---------- RECORDS FOR THIS TASK ----------

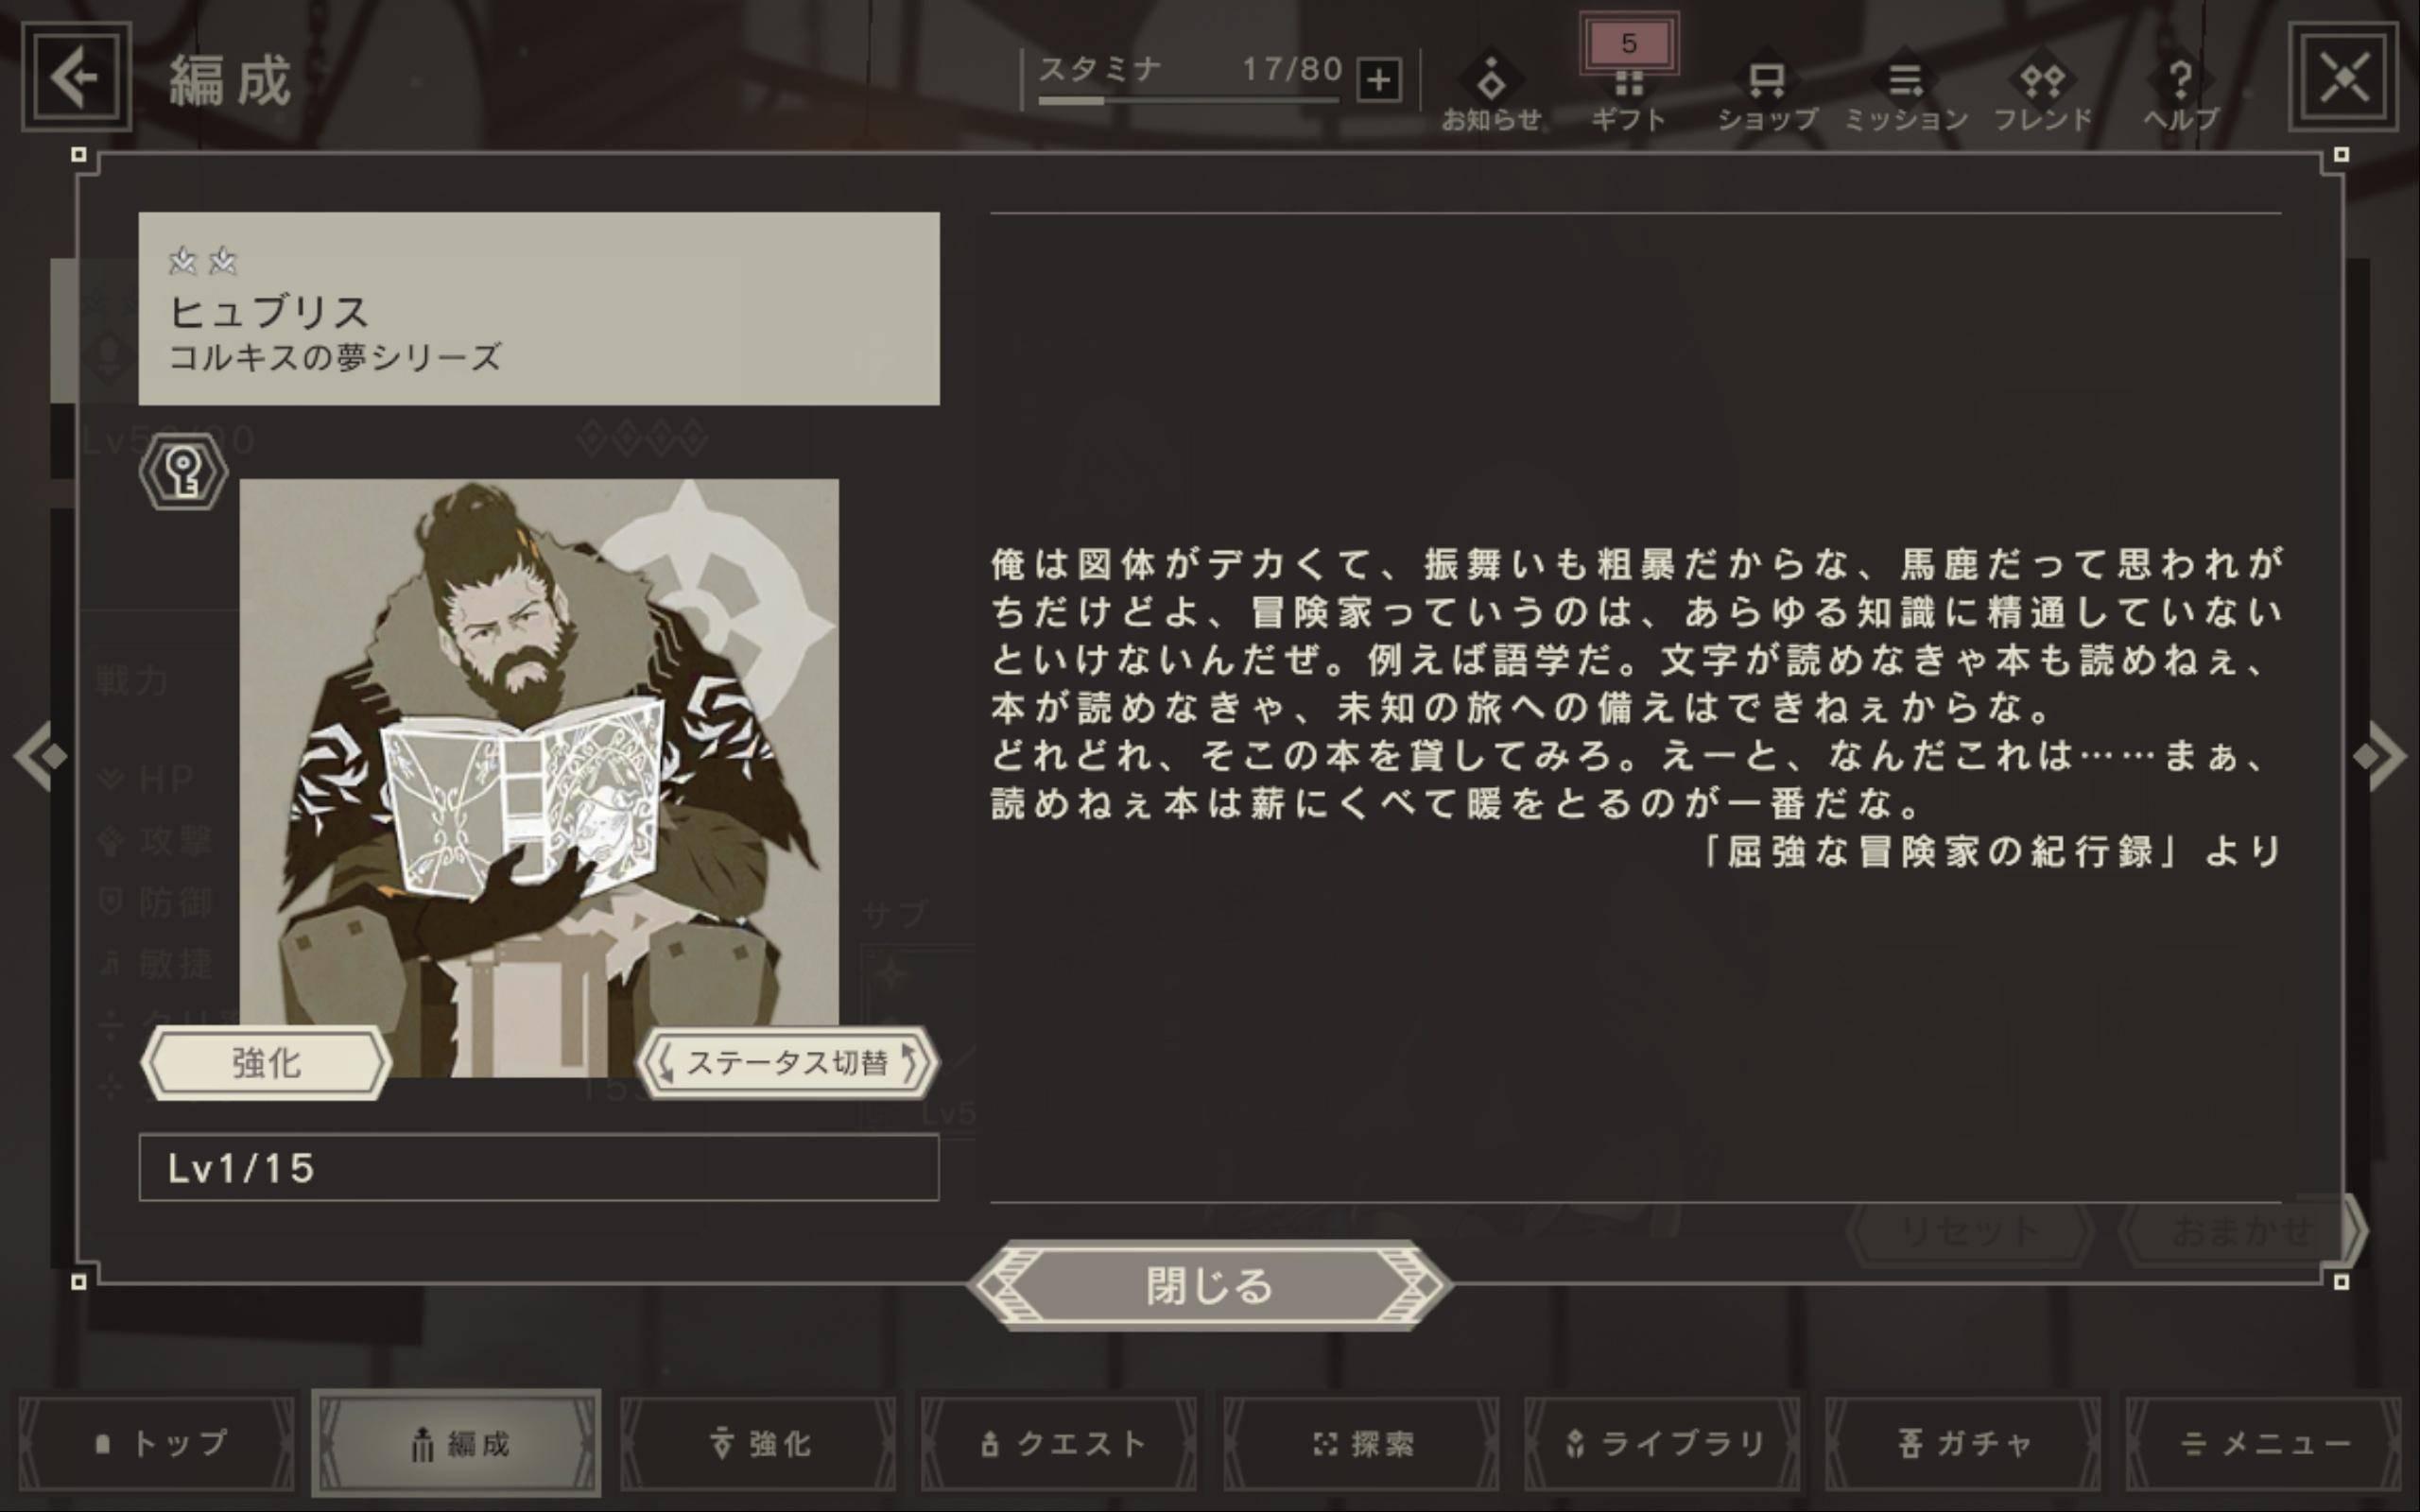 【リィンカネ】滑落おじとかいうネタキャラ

----------
---------- RECORDS FOR THIS TASK ----------

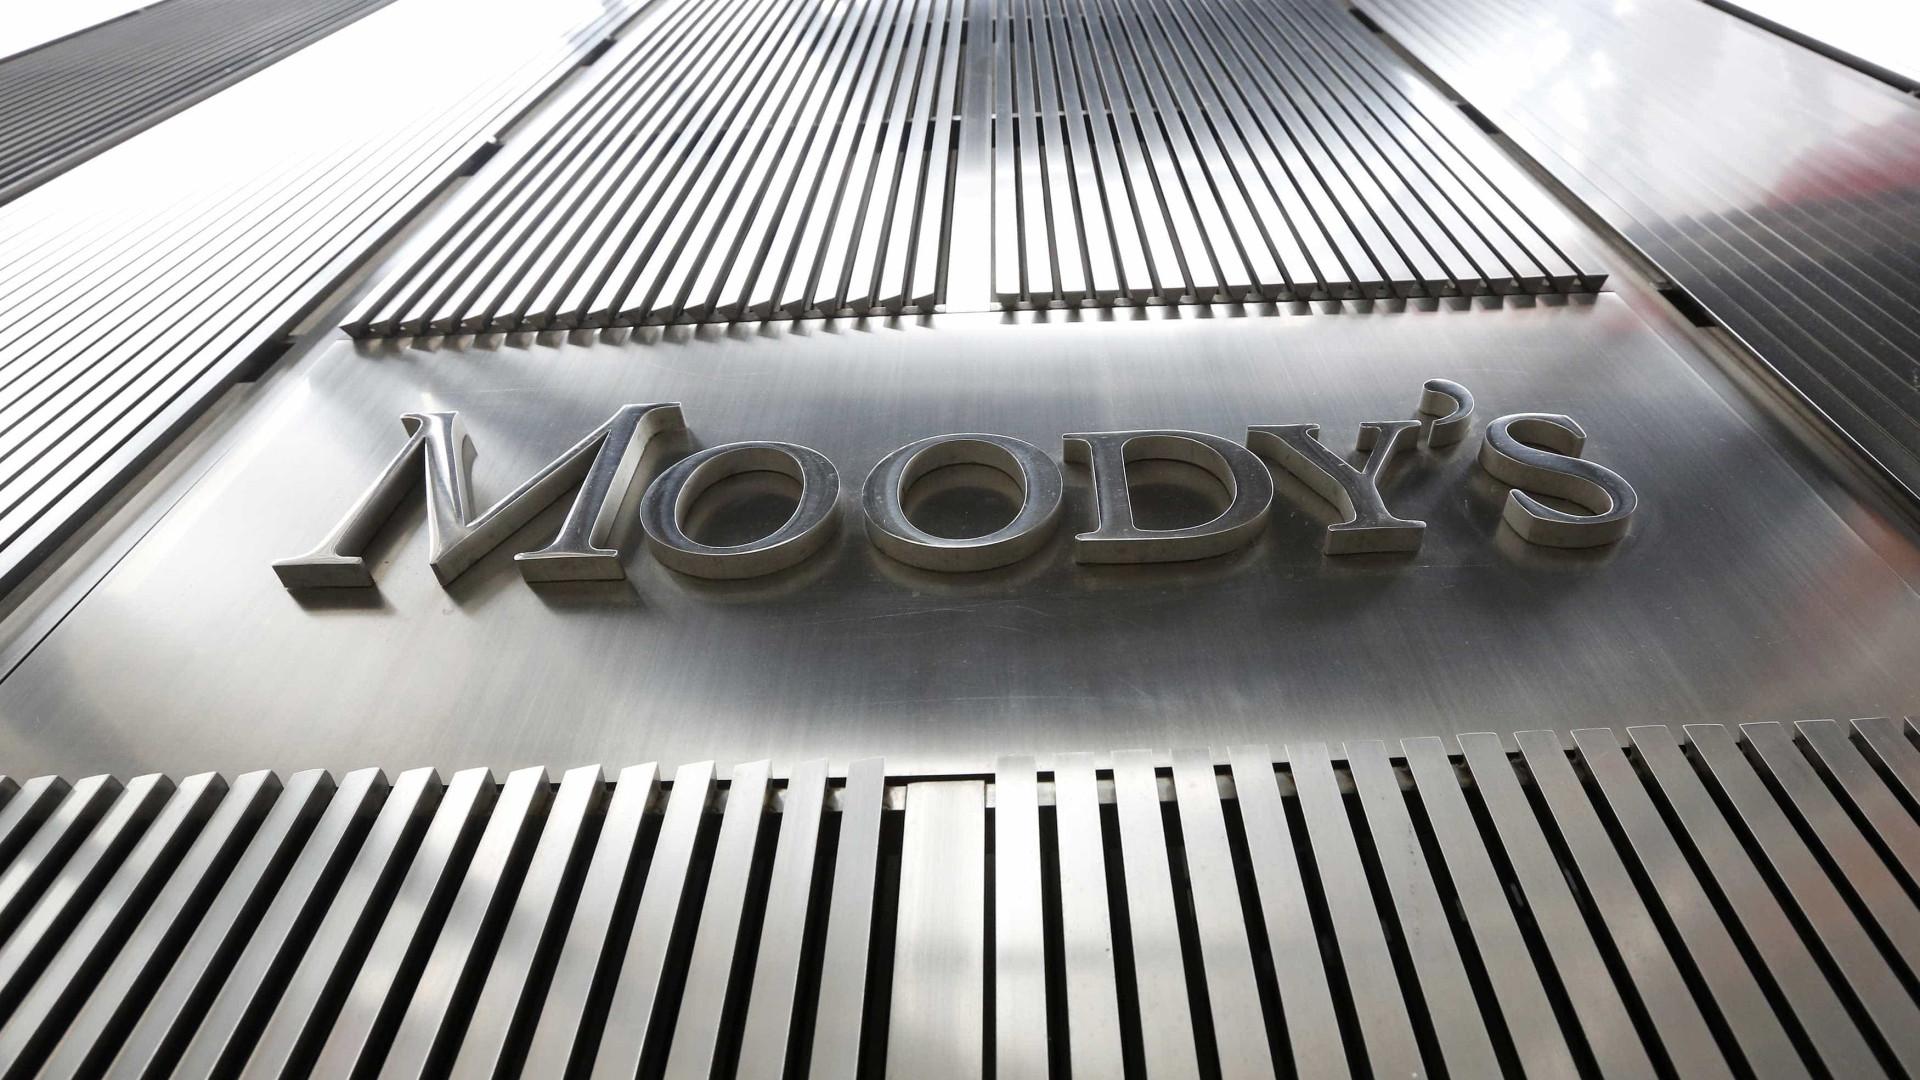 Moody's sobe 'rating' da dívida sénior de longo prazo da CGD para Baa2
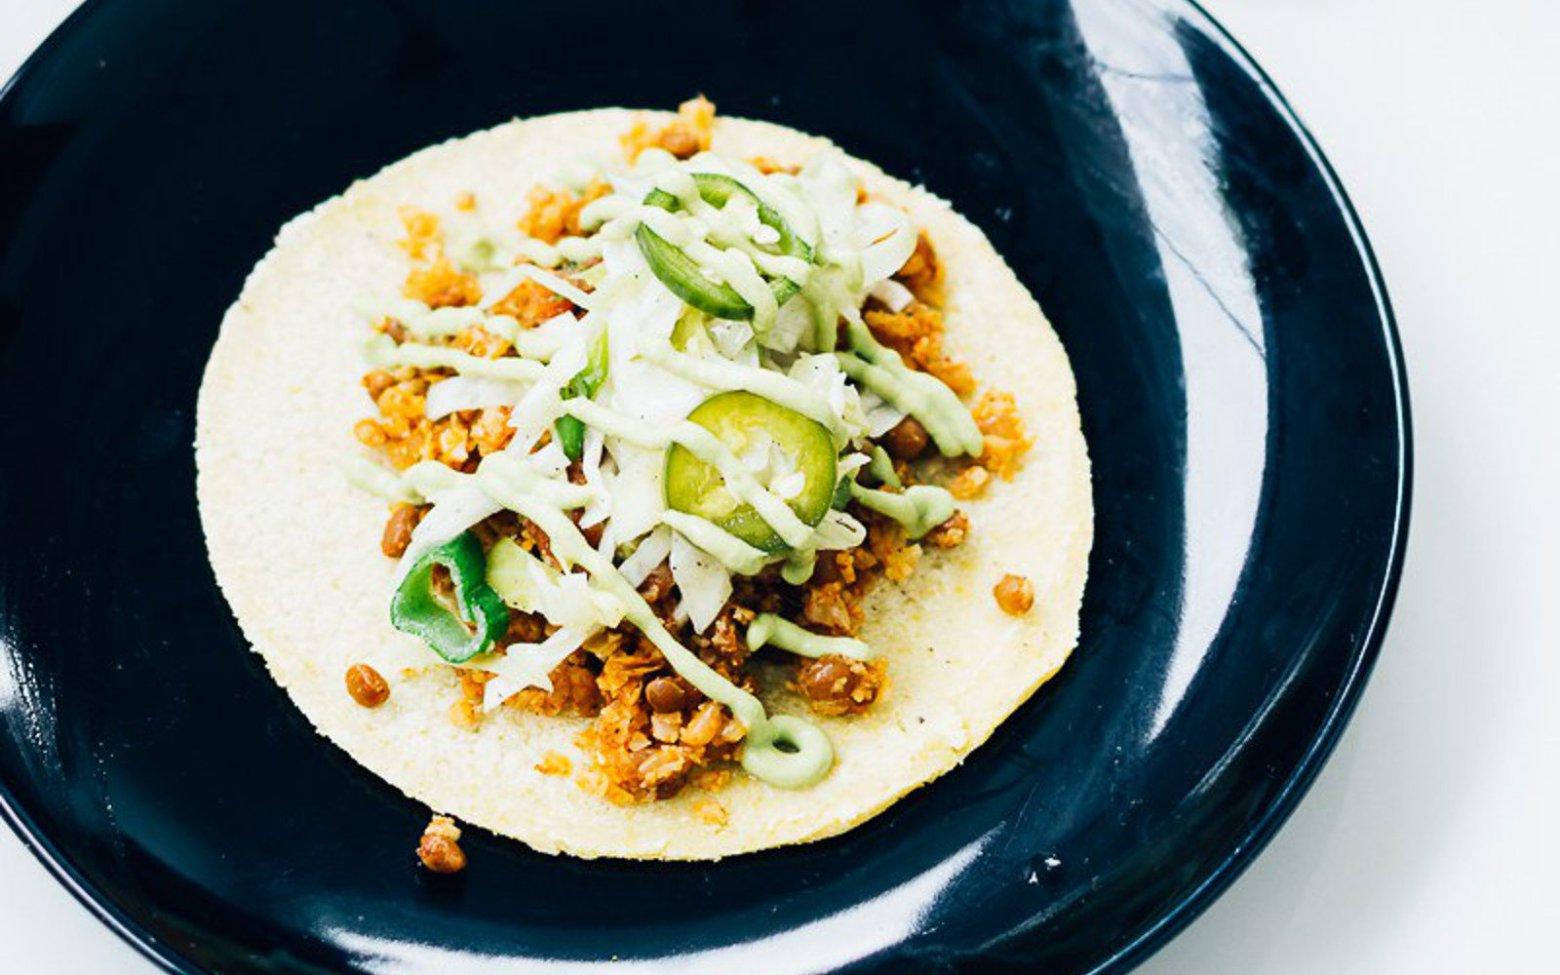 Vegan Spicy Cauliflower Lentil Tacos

----------

* _ASSIGNED TASK_
Copy the lines above between the one holding "Moody's sobe 'rating'" and the one holding "Vegan Spicy Cauliflower Lentil Tacos", inclusive. Drop the pictures.

* _THE COMPLETED TASK_
 Moody's sobe 'rating' da dívida sénior de longo prazo da CGD para Baa2
 Vegan Spicy Cauliflower Lentil Tacos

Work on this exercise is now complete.